The study was conducted as an anonymous questionnaire-based, cross-sectional survey among anaesthesia providers attending a transcontinental congress. Based on the respondents' country of practice, returned questionnaires were grouped into African and high-income countries. The questionnaire contained 74 items and evaluated all material resources required to implement the most recent Surviving Sepsis Campaign guidelines. Group comparisons were performed with the Chi2, Fisher's Exact or Mann Whitney U test, as appropriate.
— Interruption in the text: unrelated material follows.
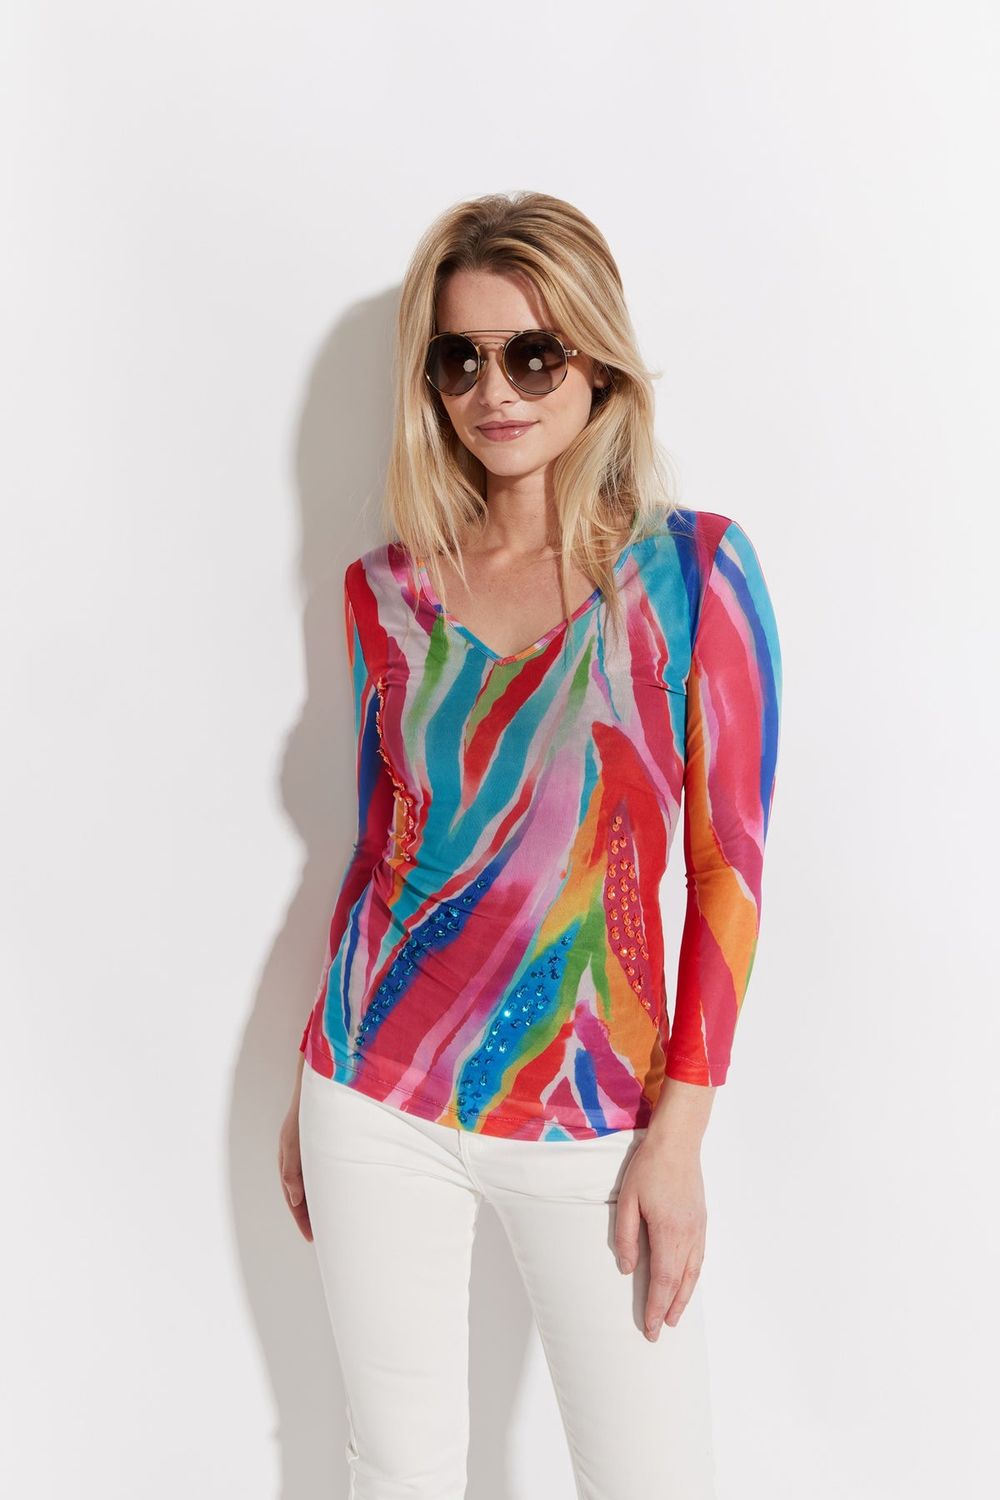 OOLALA Printed 3/4 Sleeve V-Neck Top w/ Sequins, Color: Multi, Size: S

The overall response rate was 74.3% (318/428). Three-hundred-seven questionnaires were analysed (African countries, n = 263; high-income countries, n = 44). Respondents from African hospitals were less likely to have an emergency room (85.5 vs. 97.7%, P = 0.03) or intensive care unit (73.8 vs. 100%, P < 0.001) than respondents from high-income countries. Drugs, equipment, and disposable materials required to implement the Surviving Sepsis Campaign guidelines or sepsis bundles were less frequently available in African than high-income countries. Of all African and Sub-Saharan African countries, 1.5% (4/263) and 1.2% (3/248) of respondents had the resources available to implement the Surviving Sepsis Campaign guidelines in entirety. The percentage of implementable recommendations was lower in African than in high-income countries (72.6 (57.7 to 87.7)% vs. 100 (100 to 100)%, P < 0.001) and lower in Sub-Saharan African countries than South Africa, Mauritius, and the Northern African countries (72.6 (56.2 to 86.3)% vs. 90.4 (71.2 to 94.5)%, P = 0.02).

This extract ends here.